A worker inspects a roll of aluminum during processing in the Alcoa Warrick Operations plant in Boonville, Indiana. Shares of the largest U.S. aluminum producer lost 46 percent since April. Photographer: Tom Strickland/Bloomberg


The price of bearish contracts on Alcoa Inc. (AA) jumped to the highest level since May 2009, as traders speculate this week’s earnings report won’t stem a plunge that has erased $9 billion of equity value.

The cost of New York-based Alcoa put options 10 percent below the share price rose to 7.61 points above calls to buy the stock on Oct. 4, according to data compiled by Bloomberg. That was the biggest gap in the price relationship known as skew since April 2009, the data show.

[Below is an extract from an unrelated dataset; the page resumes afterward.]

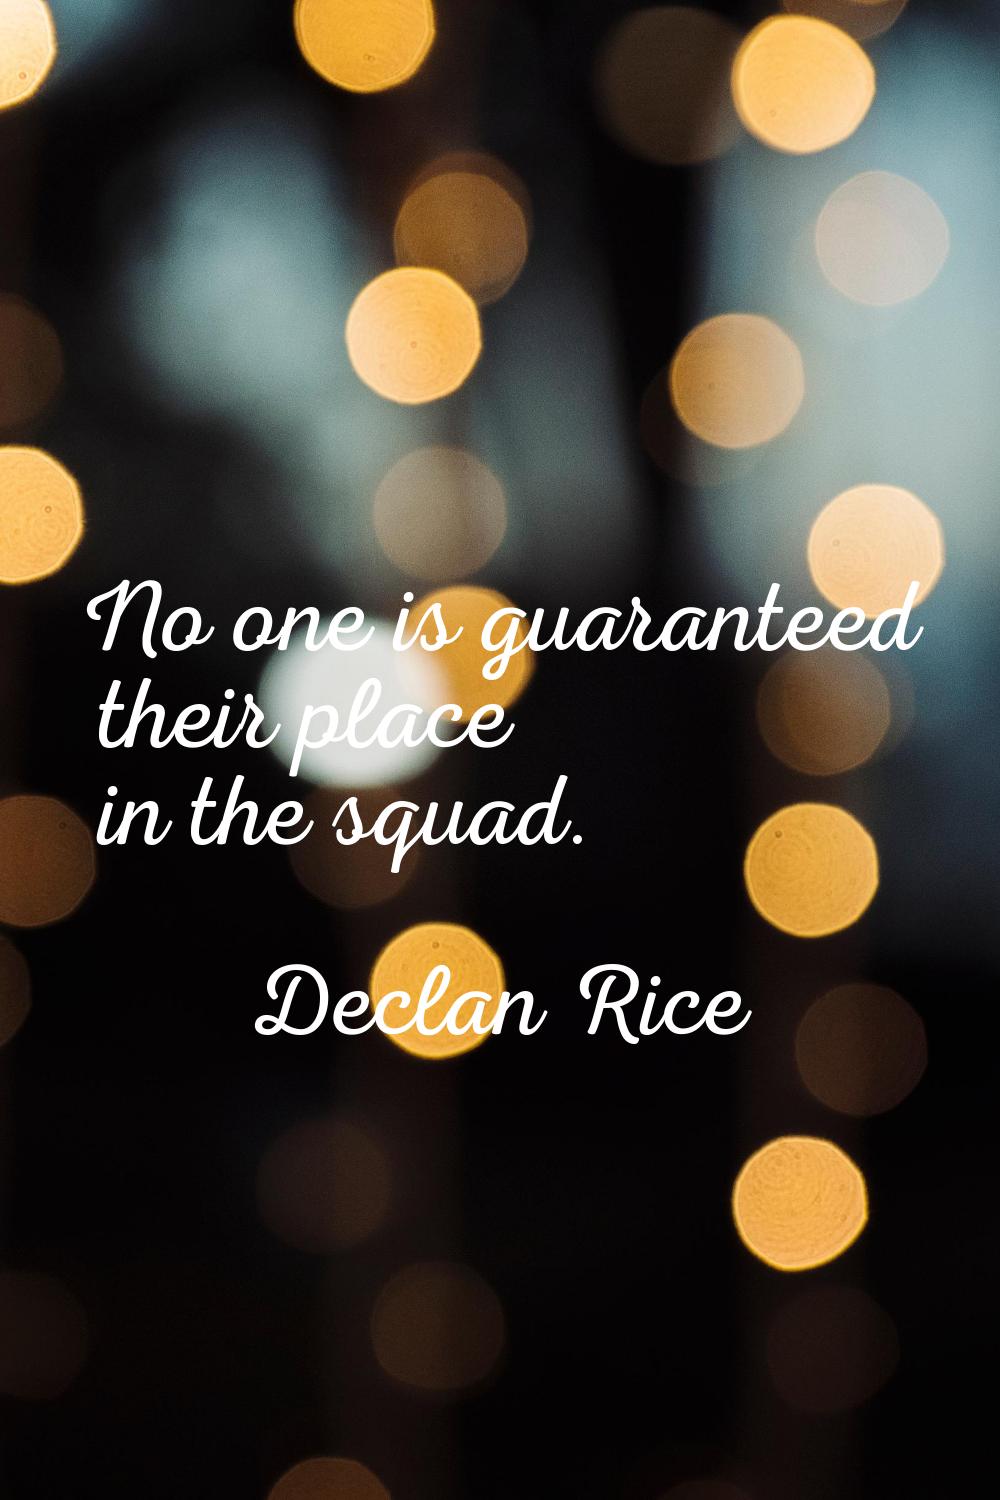 No one is guaranteed their place in the squad.

Analysts have cut estimates for Alcoa’s third-quarter profits to 23 cents a share from 37 cents in July, data compiled by Bloomberg show. Shares of the largest U.S. aluminum producer, which begins earnings season tomorrow, lost 46 percent since April, more than double the 22 percent drop for materials companies in the Standard & Poor’s 500 Index, as concern about the slowing economy sent the metal down 19 percent.

“It’s hard to be bullish on a company that provides a product that’s so linked to the broad global industrial economy,” John Stephenson, who helps manage $2.7 billion at First Asset Management Inc. in Toronto, said in a telephone interview Oct. 7. The firm reduced its Alcoa holdings to 2.2 million shares from 10 million at the start of the year. “People aren’t buying metals because they’re worried about the economy.”

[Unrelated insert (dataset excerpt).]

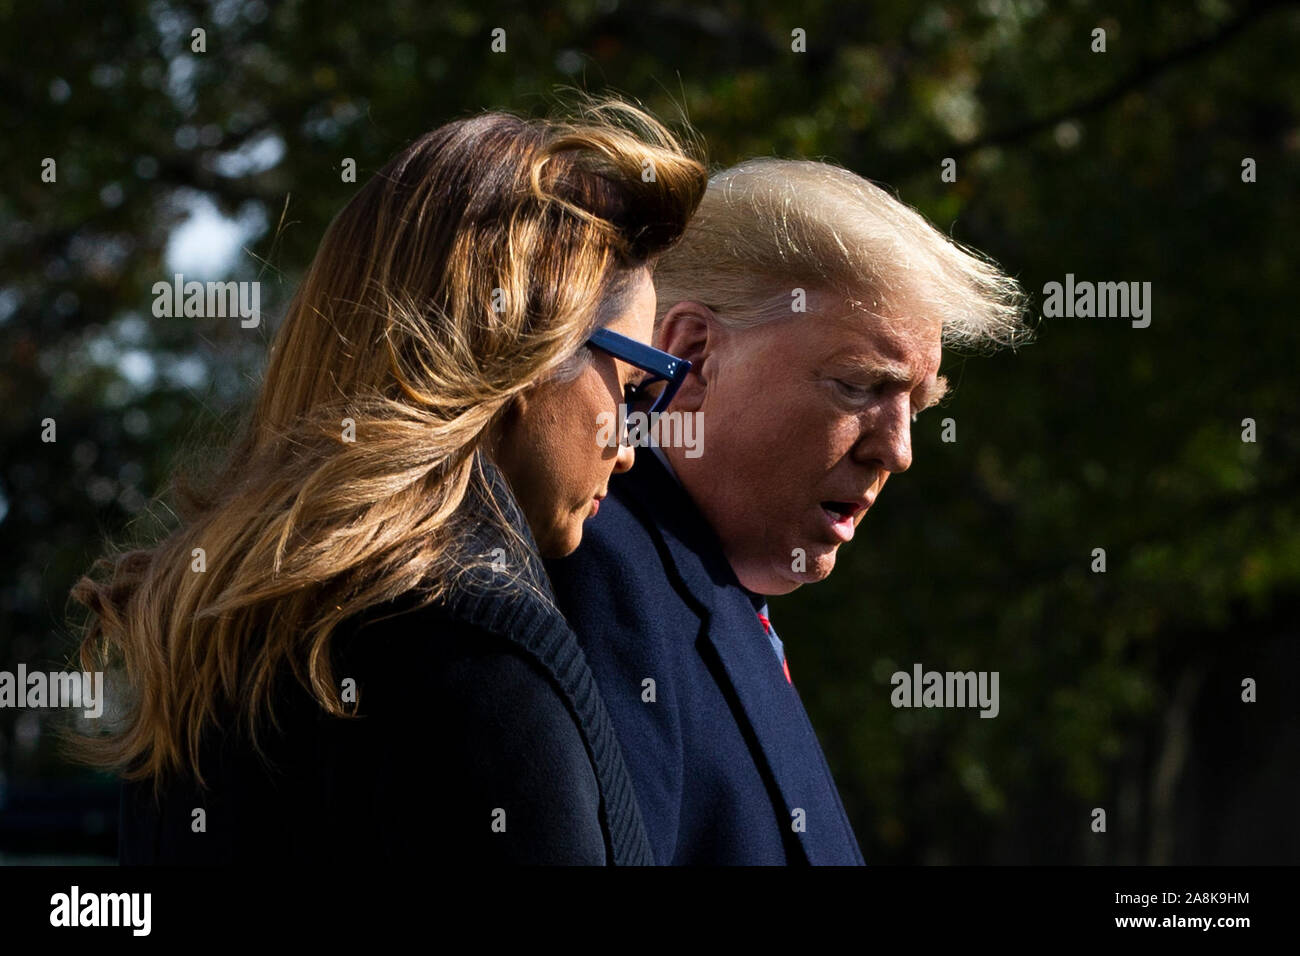 Washington DC, USA. 09th Nov, 2019. US President Donald J. Trump (R) and First Lady Melania Trump (L) walk aross the South Lawn of the White House to depart by Marine One in Washington, DC, USA, 09 November 2019. The President and First Lady will attend a National Collegiate Athletic Association (NCAA) football game between Alabama and Louisiana State University in Tuscaloosa, Alabama; then they will stay in New York City through Veterans Day. Credit: MediaPunch Inc/Alamy Live News Stock Photo

Michael Belwood, a New York-based spokesman for Alcoa, declined to comment on the company’s options or earnings.

Single-Day Move

Implied volatility, the key gauge of options prices, for three-month puts to sell Alcoa shares should they drop 10 percent is 64.68 versus 58.79 for calls to buy if it climbs 10 percent. The spread reached 7.61 points on Oct. 4, the widest in 30 months.

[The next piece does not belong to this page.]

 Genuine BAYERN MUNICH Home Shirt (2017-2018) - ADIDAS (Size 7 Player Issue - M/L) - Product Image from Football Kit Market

The rise in skew and volatility for Alcoa comes after two months in which equities saw unprecedented volatility, whipsawed by concerns including S&P’s downgrade that removed the U.S.’s AAA credit rating, speculation Greece may default on its debt, reports showing rising inflation in countries such as China and India.

Alcoa options are pricing in a 5.4 percent one-day gain or loss after its quarterly report tomorrow. The implied move is calculated from a comparison of implied volatilities for two options maturities closest to expiration.

‘Downside Move’

“The market is definitely assigning a greater probability to a downside move than upside,” Max Breier, a senior equity derivatives trader at BMO Capital Markets Corp. in New York, said in a telephone interview Oct. 7. “Even if you solve the problems in Europe we’re still going to be in a world where growth in the developed world is less than 2 percent.”

The Chicago Board Options Exchange Volatility Index, also known as VIX, slumped 16 percent to 36.20 last week after advancing for the previous two weeks. It dropped 8.8 percent to 33.02 today. In Europe, the VStoxx Index, which measures the cost of Euro Stoxx 50 Index options, fell 13 percent to 40.56 last week. The gauge slid 6.5 percent to 37.91 today.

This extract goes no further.